Write out each entry, exactly the way it appears.

=== Begin Enclosure ===

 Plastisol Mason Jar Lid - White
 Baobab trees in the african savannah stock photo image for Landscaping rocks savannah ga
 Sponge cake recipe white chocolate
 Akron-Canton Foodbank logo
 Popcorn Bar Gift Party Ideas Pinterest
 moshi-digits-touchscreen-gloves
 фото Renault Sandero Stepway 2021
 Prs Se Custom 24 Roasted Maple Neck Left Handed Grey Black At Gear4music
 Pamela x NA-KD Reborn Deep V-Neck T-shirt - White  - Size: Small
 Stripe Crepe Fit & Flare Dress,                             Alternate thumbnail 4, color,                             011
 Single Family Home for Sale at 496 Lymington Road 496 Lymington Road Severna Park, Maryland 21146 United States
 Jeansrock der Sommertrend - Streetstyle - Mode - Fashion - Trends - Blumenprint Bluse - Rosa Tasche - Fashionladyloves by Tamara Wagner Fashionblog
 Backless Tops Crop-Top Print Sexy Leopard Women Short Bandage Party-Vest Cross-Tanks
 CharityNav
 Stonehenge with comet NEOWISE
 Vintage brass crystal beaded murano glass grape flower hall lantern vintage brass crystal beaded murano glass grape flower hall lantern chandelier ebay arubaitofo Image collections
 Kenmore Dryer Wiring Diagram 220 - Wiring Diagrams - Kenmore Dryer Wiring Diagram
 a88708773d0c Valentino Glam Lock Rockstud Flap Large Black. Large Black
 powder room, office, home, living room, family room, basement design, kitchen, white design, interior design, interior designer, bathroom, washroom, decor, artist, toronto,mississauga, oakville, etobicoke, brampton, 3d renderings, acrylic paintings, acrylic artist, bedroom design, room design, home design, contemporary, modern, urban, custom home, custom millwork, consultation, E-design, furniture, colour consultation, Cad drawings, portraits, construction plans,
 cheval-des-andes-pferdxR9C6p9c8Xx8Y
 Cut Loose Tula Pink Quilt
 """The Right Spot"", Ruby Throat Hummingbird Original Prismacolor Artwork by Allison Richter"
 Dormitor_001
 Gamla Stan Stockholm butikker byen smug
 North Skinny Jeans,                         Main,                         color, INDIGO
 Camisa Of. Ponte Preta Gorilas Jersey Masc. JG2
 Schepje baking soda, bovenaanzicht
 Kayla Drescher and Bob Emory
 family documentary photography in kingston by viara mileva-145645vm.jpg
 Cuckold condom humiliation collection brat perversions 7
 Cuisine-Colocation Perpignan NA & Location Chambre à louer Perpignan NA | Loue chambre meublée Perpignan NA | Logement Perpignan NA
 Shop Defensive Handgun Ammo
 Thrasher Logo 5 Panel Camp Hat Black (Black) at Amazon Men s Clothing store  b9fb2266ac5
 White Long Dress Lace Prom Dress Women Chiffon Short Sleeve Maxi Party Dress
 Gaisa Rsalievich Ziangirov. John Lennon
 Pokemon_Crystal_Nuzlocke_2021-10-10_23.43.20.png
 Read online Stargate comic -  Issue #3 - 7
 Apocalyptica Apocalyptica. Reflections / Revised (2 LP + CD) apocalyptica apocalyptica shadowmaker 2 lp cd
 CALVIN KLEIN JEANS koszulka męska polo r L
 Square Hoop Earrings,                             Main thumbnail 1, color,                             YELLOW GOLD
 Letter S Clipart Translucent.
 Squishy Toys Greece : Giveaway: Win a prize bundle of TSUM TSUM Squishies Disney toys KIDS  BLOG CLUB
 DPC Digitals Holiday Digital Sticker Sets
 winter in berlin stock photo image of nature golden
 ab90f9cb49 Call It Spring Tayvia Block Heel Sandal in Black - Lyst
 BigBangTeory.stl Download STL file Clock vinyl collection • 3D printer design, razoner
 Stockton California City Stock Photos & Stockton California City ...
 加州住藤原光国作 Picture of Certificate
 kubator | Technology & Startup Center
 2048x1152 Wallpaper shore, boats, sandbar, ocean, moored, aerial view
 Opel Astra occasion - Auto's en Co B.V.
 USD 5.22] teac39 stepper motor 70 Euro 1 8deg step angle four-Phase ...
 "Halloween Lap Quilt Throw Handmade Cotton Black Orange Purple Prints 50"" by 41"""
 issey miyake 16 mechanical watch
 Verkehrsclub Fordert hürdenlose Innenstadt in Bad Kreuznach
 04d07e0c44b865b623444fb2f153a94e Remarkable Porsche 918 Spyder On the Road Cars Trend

=== End Enclosure ===

Solution:
 Plastisol Mason Jar Lid - White
 Baobab trees in the african savannah stock photo image for Landscaping rocks savannah ga
 Sponge cake recipe white chocolate
 Akron-Canton Foodbank logo
 Popcorn Bar Gift Party Ideas Pinterest
 moshi-digits-touchscreen-gloves
 фото Renault Sandero Stepway 2021
 Prs Se Custom 24 Roasted Maple Neck Left Handed Grey Black At Gear4music
 Pamela x NA-KD Reborn Deep V-Neck T-shirt - White  - Size: Small
 Stripe Crepe Fit & Flare Dress,                             Alternate thumbnail 4, color,                             011
 Single Family Home for Sale at 496 Lymington Road 496 Lymington Road Severna Park, Maryland 21146 United States
 Jeansrock der Sommertrend - Streetstyle - Mode - Fashion - Trends - Blumenprint Bluse - Rosa Tasche - Fashionladyloves by Tamara Wagner Fashionblog
 Backless Tops Crop-Top Print Sexy Leopard Women Short Bandage Party-Vest Cross-Tanks
 CharityNav
 Stonehenge with comet NEOWISE
 Vintage brass crystal beaded murano glass grape flower hall lantern vintage brass crystal beaded murano glass grape flower hall lantern chandelier ebay arubaitofo Image collections
 Kenmore Dryer Wiring Diagram 220 - Wiring Diagrams - Kenmore Dryer Wiring Diagram
 a88708773d0c Valentino Glam Lock Rockstud Flap Large Black. Large Black
 powder room, office, home, living room, family room, basement design, kitchen, white design, interior design, interior designer, bathroom, washroom, decor, artist, toronto,mississauga, oakville, etobicoke, brampton, 3d renderings, acrylic paintings, acrylic artist, bedroom design, room design, home design, contemporary, modern, urban, custom home, custom millwork, consultation, E-design, furniture, colour consultation, Cad drawings, portraits, construction plans,
 cheval-des-andes-pferdxR9C6p9c8Xx8Y
 Cut Loose Tula Pink Quilt
 """The Right Spot"", Ruby Throat Hummingbird Original Prismacolor Artwork by Allison Richter"
 Dormitor_001
 Gamla Stan Stockholm butikker byen smug
 North Skinny Jeans,                         Main,                         color, INDIGO
 Camisa Of. Ponte Preta Gorilas Jersey Masc. JG2
 Schepje baking soda, bovenaanzicht
 Kayla Drescher and Bob Emory
 family documentary photography in kingston by viara mileva-145645vm.jpg
 Cuckold condom humiliation collection brat perversions 7
 Cuisine-Colocation Perpignan NA & Location Chambre à louer Perpignan NA | Loue chambre meublée Perpignan NA | Logement Perpignan NA
 Shop Defensive Handgun Ammo
 Thrasher Logo 5 Panel Camp Hat Black (Black) at Amazon Men s Clothing store  b9fb2266ac5
 White Long Dress Lace Prom Dress Women Chiffon Short Sleeve Maxi Party Dress
 Gaisa Rsalievich Ziangirov. John Lennon
 Pokemon_Crystal_Nuzlocke_2021-10-10_23.43.20.png
 Read online Stargate comic -  Issue #3 - 7
 Apocalyptica Apocalyptica. Reflections / Revised (2 LP + CD) apocalyptica apocalyptica shadowmaker 2 lp cd
 CALVIN KLEIN JEANS koszulka męska polo r L
 Square Hoop Earrings,                             Main thumbnail 1, color,                             YELLOW GOLD
 Letter S Clipart Translucent.
 Squishy Toys Greece : Giveaway: Win a prize bundle of TSUM TSUM Squishies Disney toys KIDS  BLOG CLUB
 DPC Digitals Holiday Digital Sticker Sets
 winter in berlin stock photo image of nature golden
 ab90f9cb49 Call It Spring Tayvia Block Heel Sandal in Black - Lyst
 BigBangTeory.stl Download STL file Clock vinyl collection • 3D printer design, razoner
 Stockton California City Stock Photos & Stockton California City ...
 加州住藤原光国作 Picture of Certificate
 kubator | Technology & Startup Center
 2048x1152 Wallpaper shore, boats, sandbar, ocean, moored, aerial view
 Opel Astra occasion - Auto's en Co B.V.
 USD 5.22] teac39 stepper motor 70 Euro 1 8deg step angle four-Phase ...
 "Halloween Lap Quilt Throw Handmade Cotton Black Orange Purple Prints 50"" by 41"""
 issey miyake 16 mechanical watch
 Verkehrsclub Fordert hürdenlose Innenstadt in Bad Kreuznach
 04d07e0c44b865b623444fb2f153a94e Remarkable Porsche 918 Spyder On the Road Cars Trend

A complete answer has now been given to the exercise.